这年头没有教辅书,都是老师们按照经验出题,再送到学校打印室内,按照班级学生的数量油印出来,学生多的都没有。
上回聂卫平去接芽芽的时候,聂互助就让人跟芽芽说了,把写过的试卷拿回来。
芽芽带回来的试卷里有些是老师讲完试卷后,她跟老师讨回来的,老师也没有的就拿自己做过的,一个学期一张试卷都没有落下。
聂互助正在做一张已经批改过的,拿作业本把芽芽的笔记盖住,自己写了对照。
这边正焦头烂额的答题,哪里有空搭理亲妈,不耐烦的说:“世界上男人又不是都死光了,只剩一个李敬修,我没必要去抢芽芽的。”

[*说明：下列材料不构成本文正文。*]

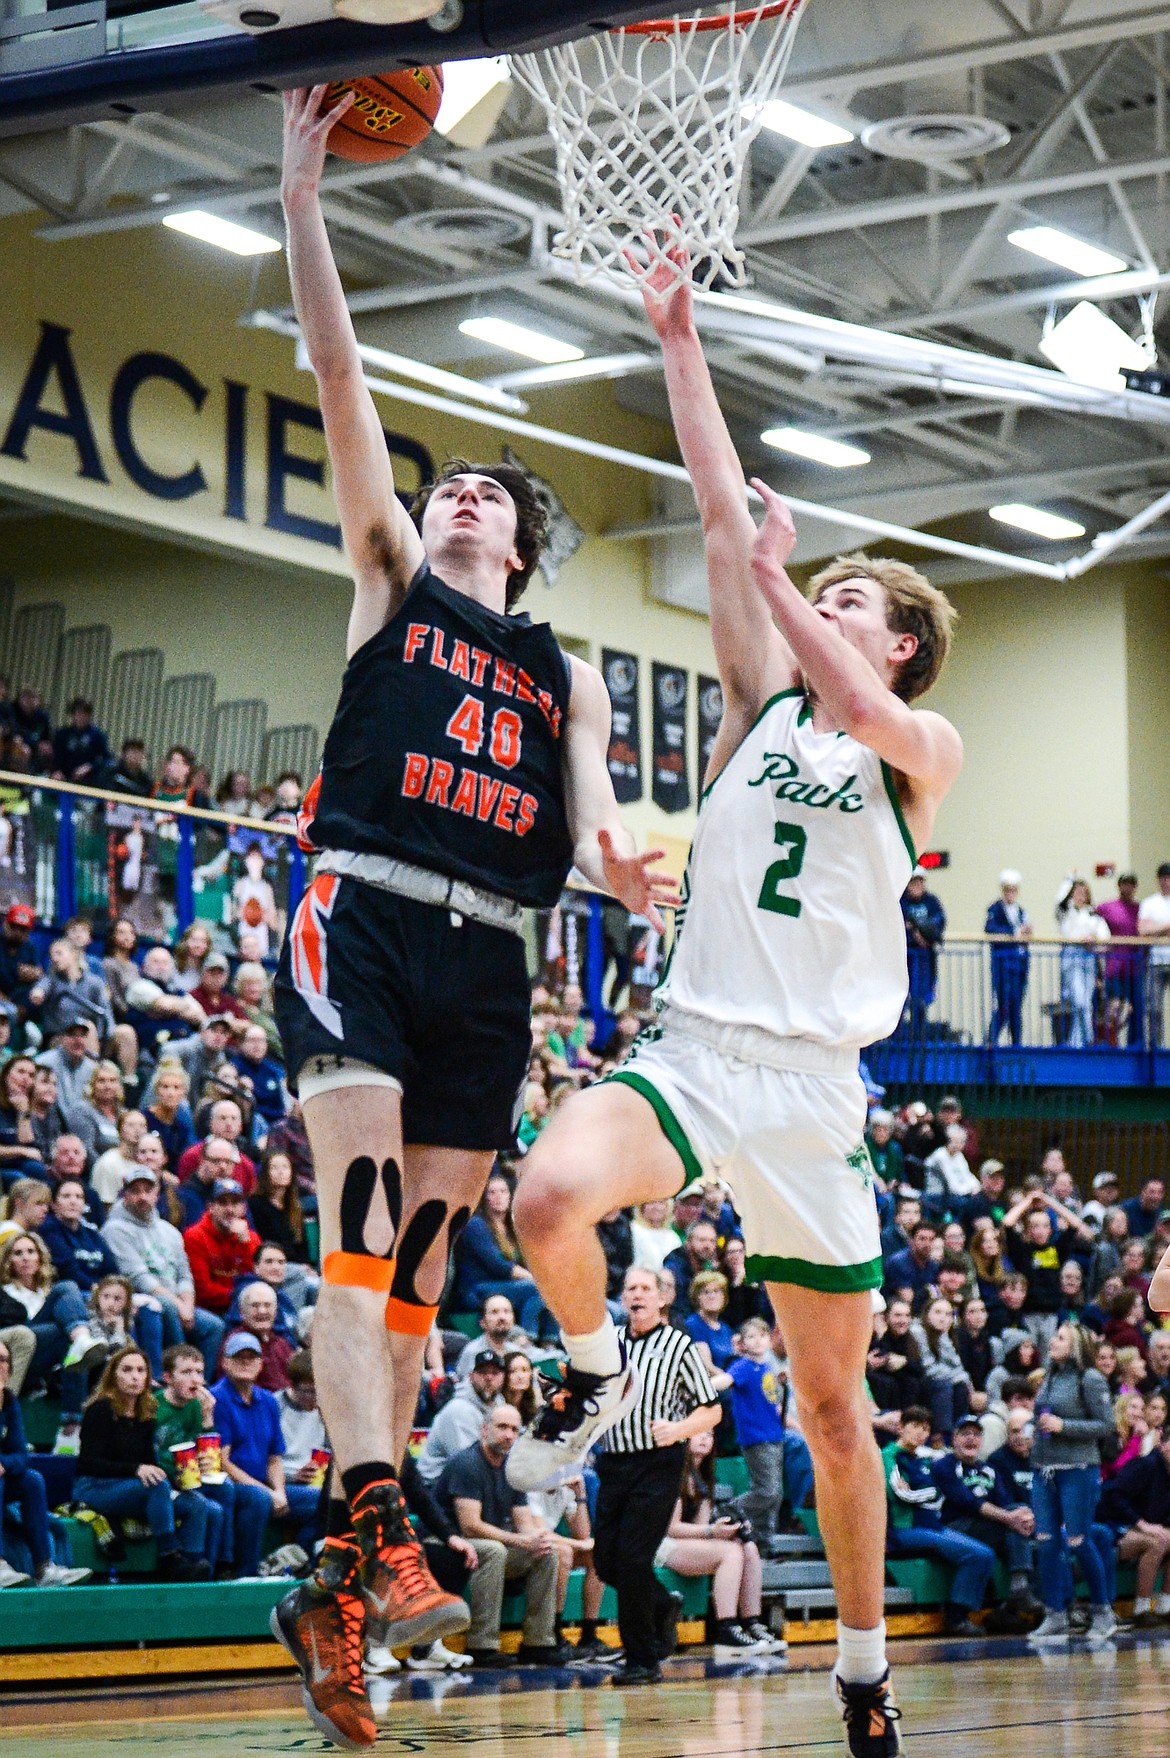 Flathead's Noah Cummings (40) goes to the basket against Glacier's Tyler McDonald (2) during crosstown basketball at Glacier High School on Friday, Jan. 20. (Casey Kreider/Daily Inter Lake)

田淑珍像是听到了惊天大消息,“你是说李敬修跟芽芽处对象了?”
“那你去问芽芽呗”聂互助都不带抬头的,一点兴趣都没有。
刚上初中那会,李敬修因为学习好确实是学校里的名人,那时她也犯过花痴,把情窦初开的幻想全抛出去。
奈何人家看不上啊。
为此她讨厌了芽芽好一阵子。
经芽芽开导了以后,再加上现在上高中开智了,聂互助对以前自己死皮白赖的样还挺看不上。
那么多的好男人,她就不信自己抓不到一个。
瞧见闺女不响应,田淑珍也觉得无趣,自己搬凳子去生产大队院子看电视去了。
来时蒋文英特意让孩子们代笔,给薛爱莲写过信,问了下芽芽生父那一支的血脉情况,听说人丁单薄,三代单传。
按照当下男孩子继承香火的说法就是凌波死了就绝后了。
信末了,薛爱莲还叨叨了一句:都是老迷信,绝什么后,芽芽身上流的就是老凌家的血,她就是后!
蒋文英是个传统的女人,搁自己身上那是抱着肯定要给老聂家生儿子的信念,但搁闺女身上就觉得学爱莲说得针对。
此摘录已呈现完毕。